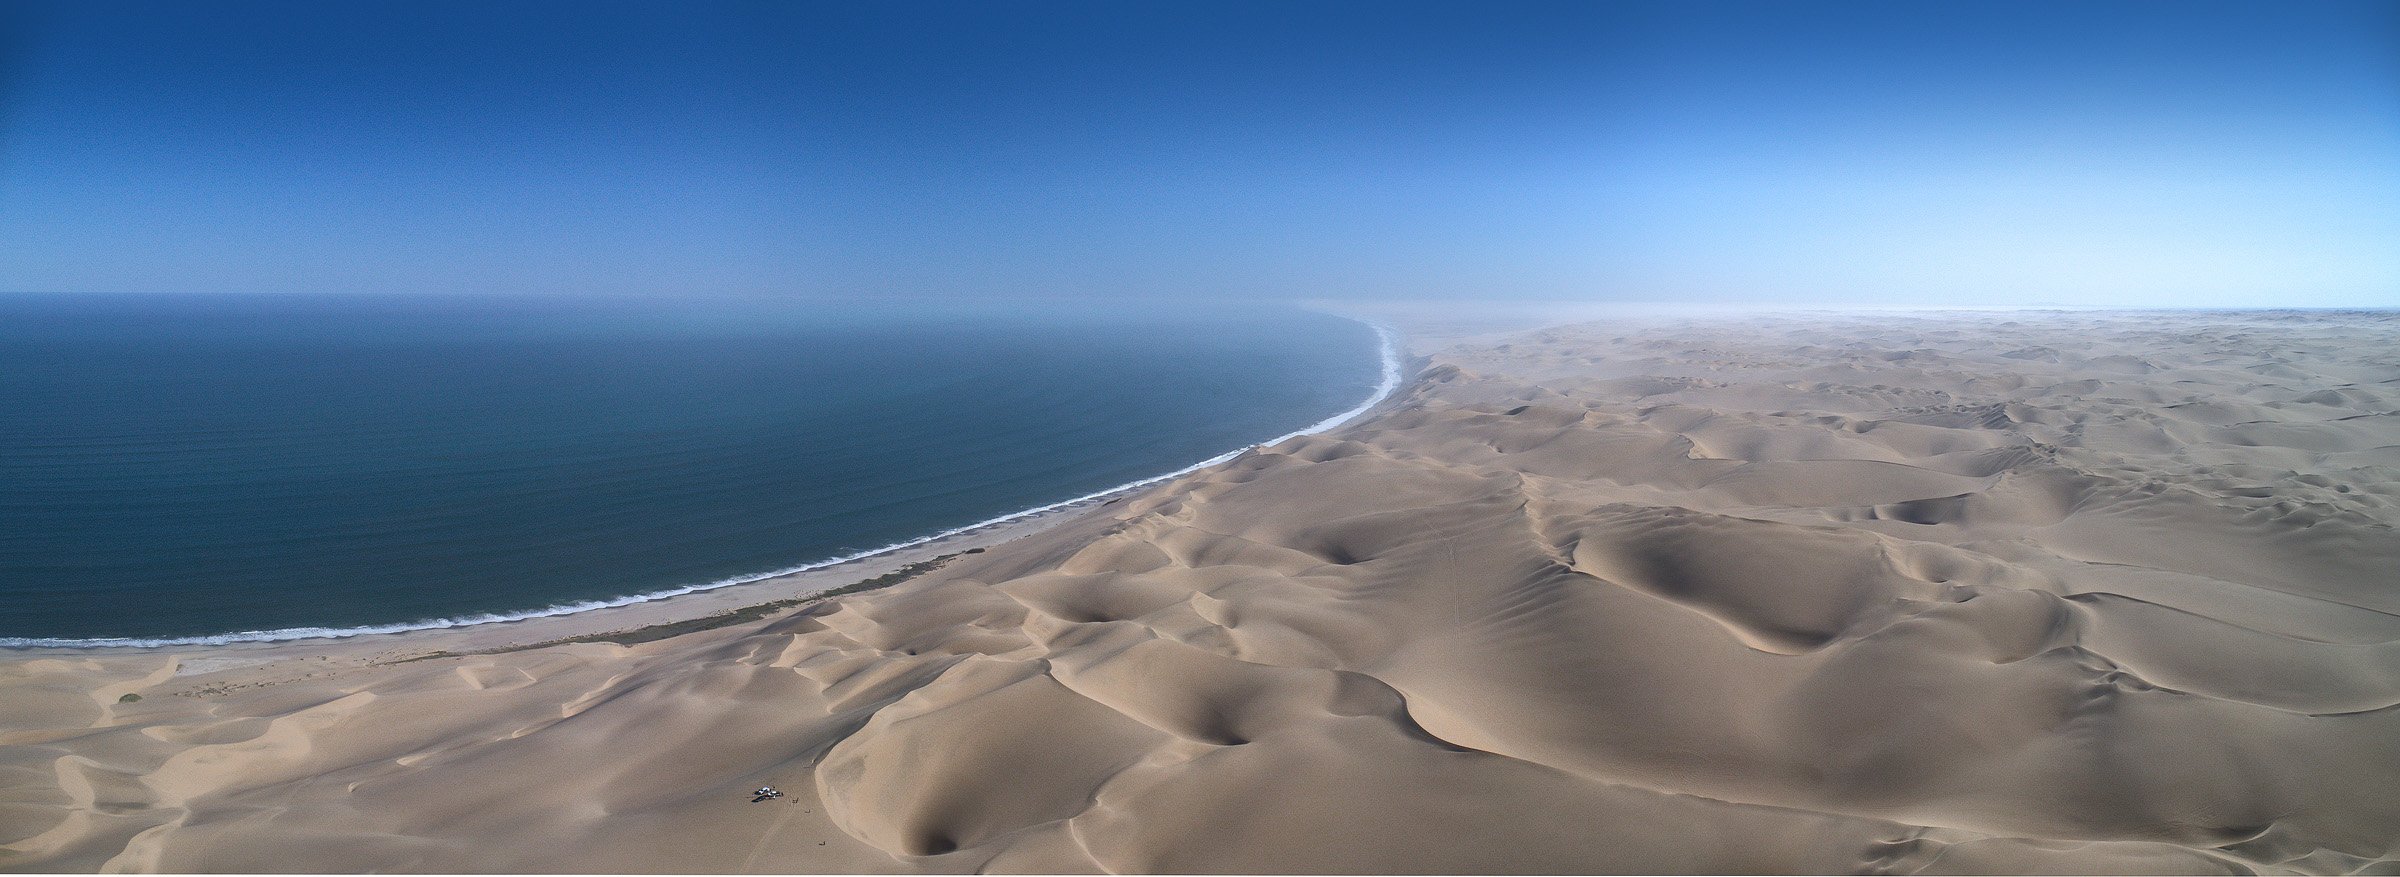 намибия, пустыня, пески, дюны, берег скелетов, анлантика, африка, дрон, панорама, съемка с воздуха, Alex Mimo
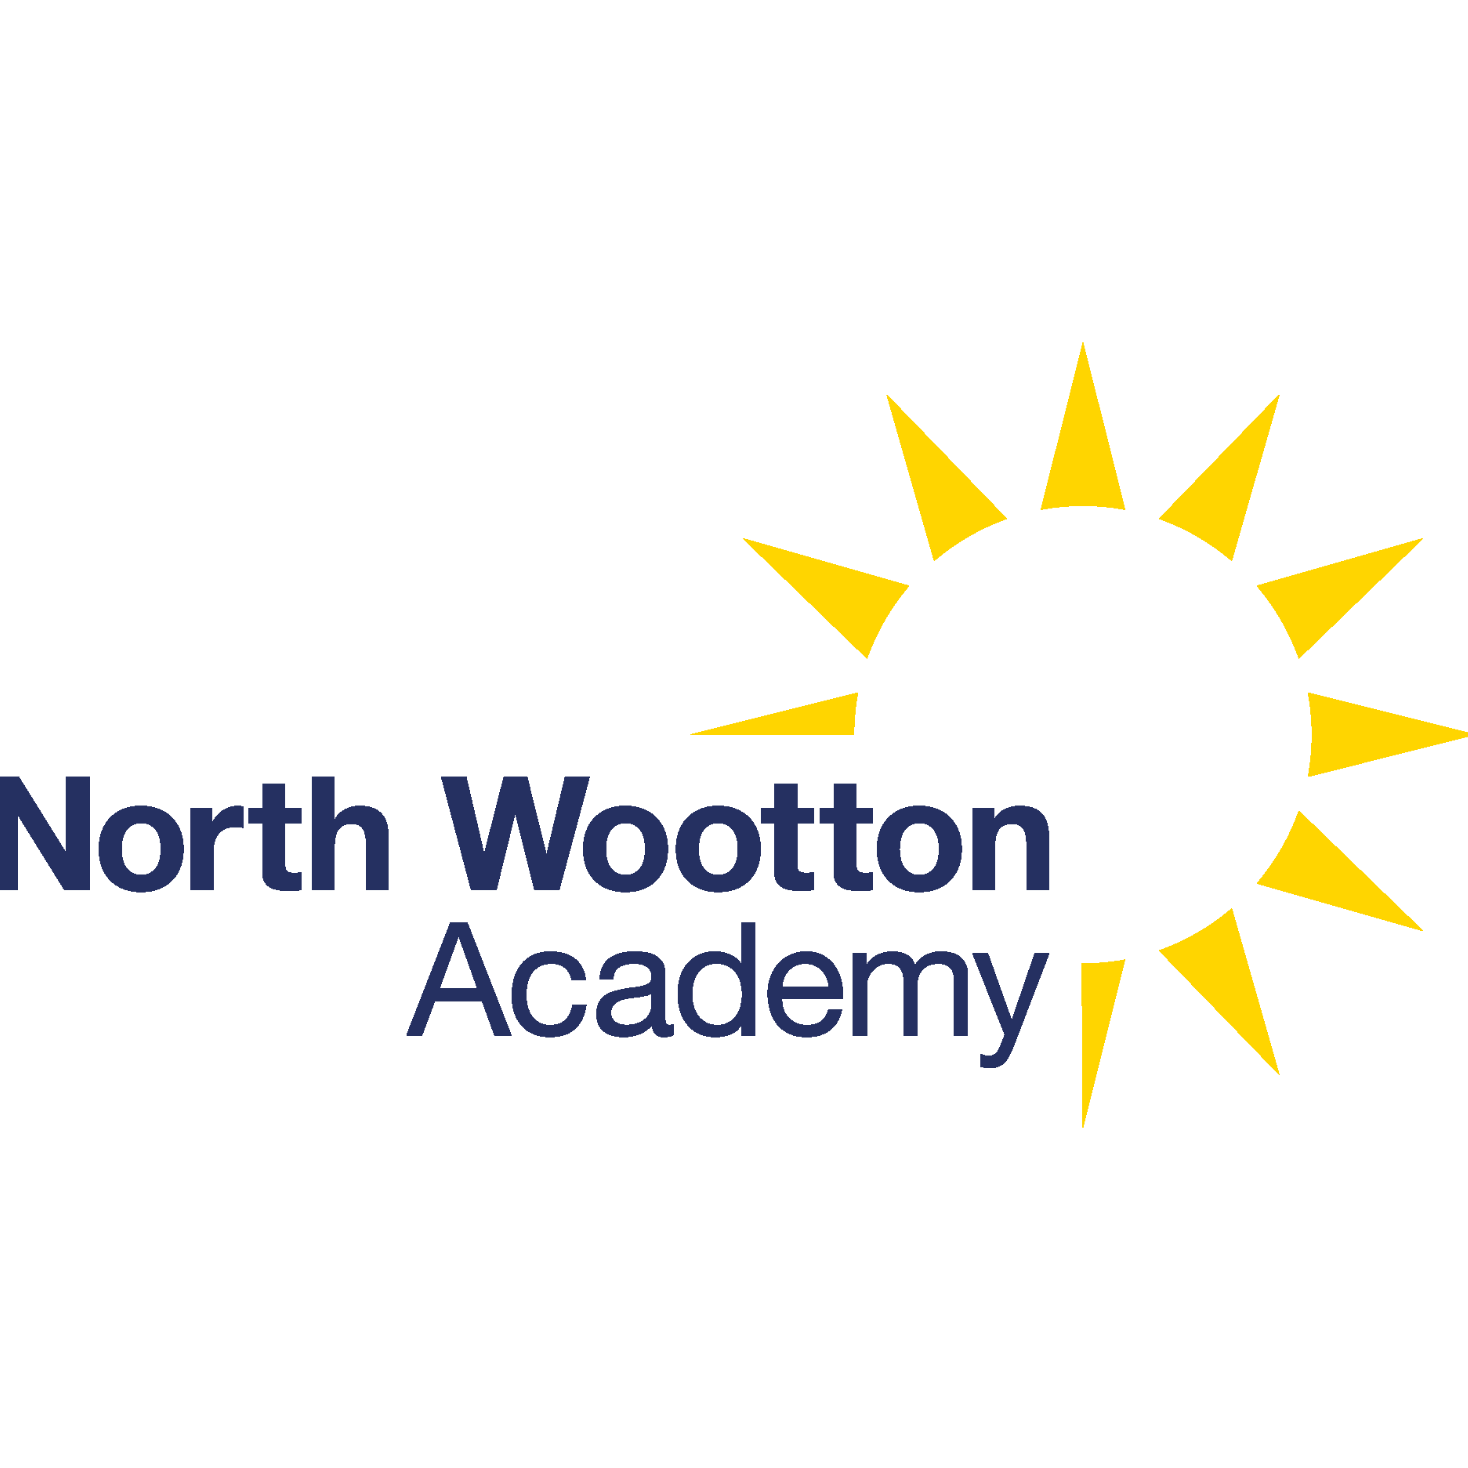 North Wootton Academy logo
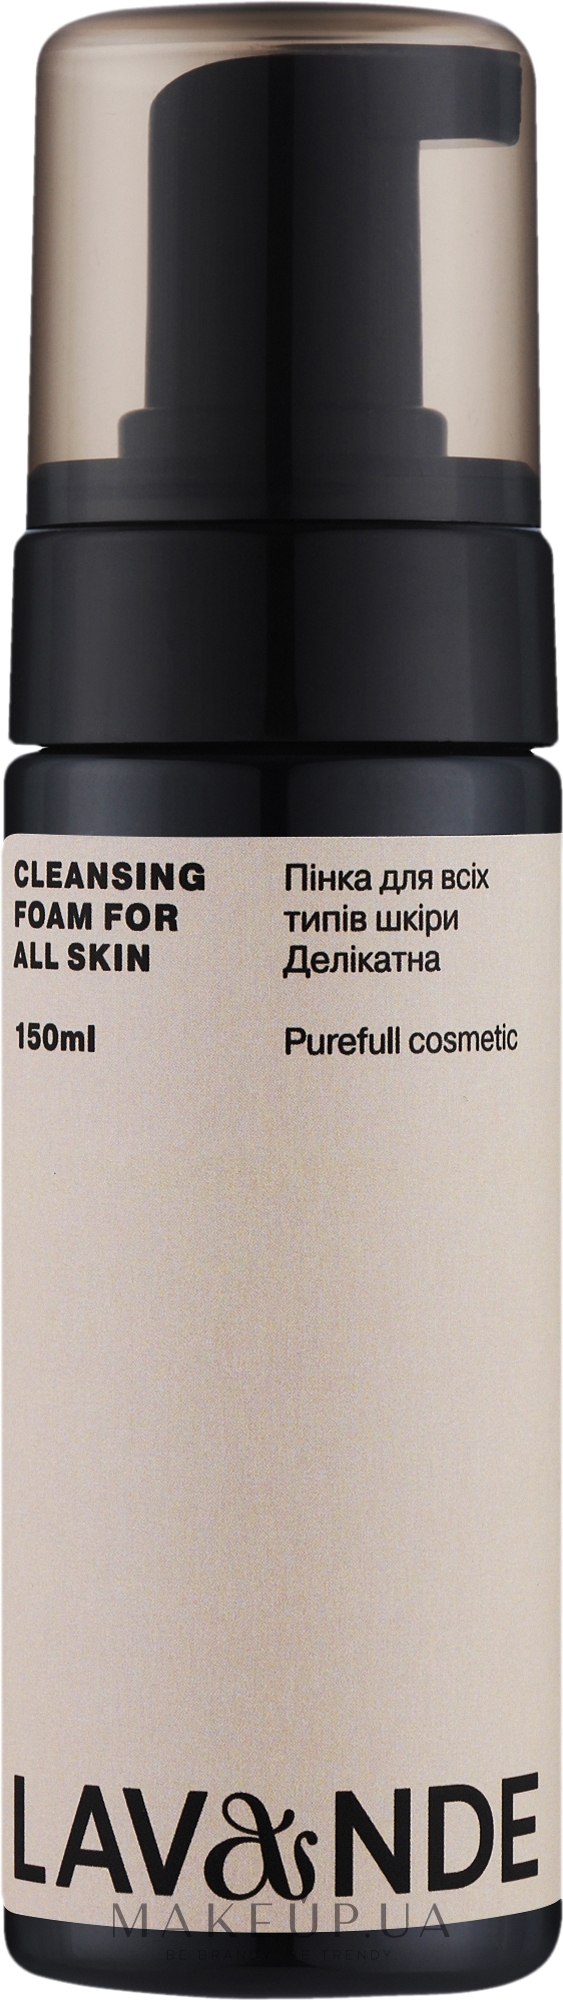 Пінка для всіх типів шкіри "Делікатна" - Lavande Cleansing Foam For All Skin — фото 150ml
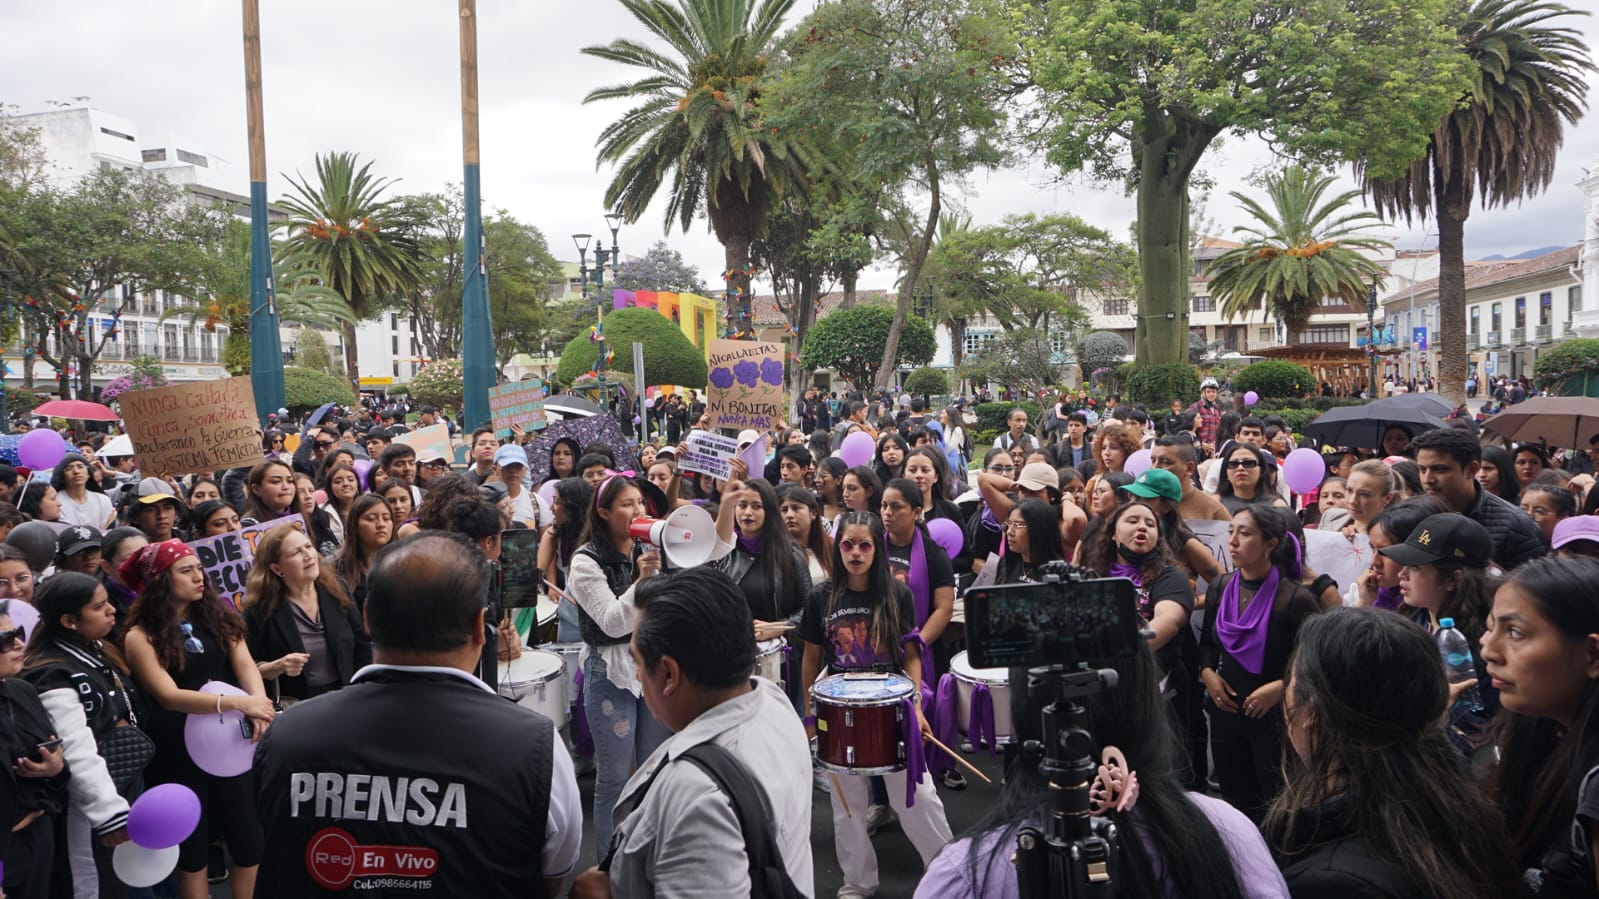 JUSTICIA. La multitud llegó a las puertas de la Gobernación de Loja, levantando consignas y pancartas que demandan una respuesta rápida y transparente ante la tragedia.

### Exercise description
The answer must be the full listing above, copied exactly, with no pictures in it.

### Reply
 намибия, пустыня, пески, дюны, берег скелетов, анлантика, африка, дрон, панорама, съемка с воздуха, Alex Mimo
 North Wootton Academy logo
 Пінка для всіх типів шкіри "Делікатна" - Lavande Cleansing Foam For All Skin — фото 150ml
 JUSTICIA. La multitud llegó a las puertas de la Gobernación de Loja, levantando consignas y pancartas que demandan una respuesta rápida y transparente ante la tragedia.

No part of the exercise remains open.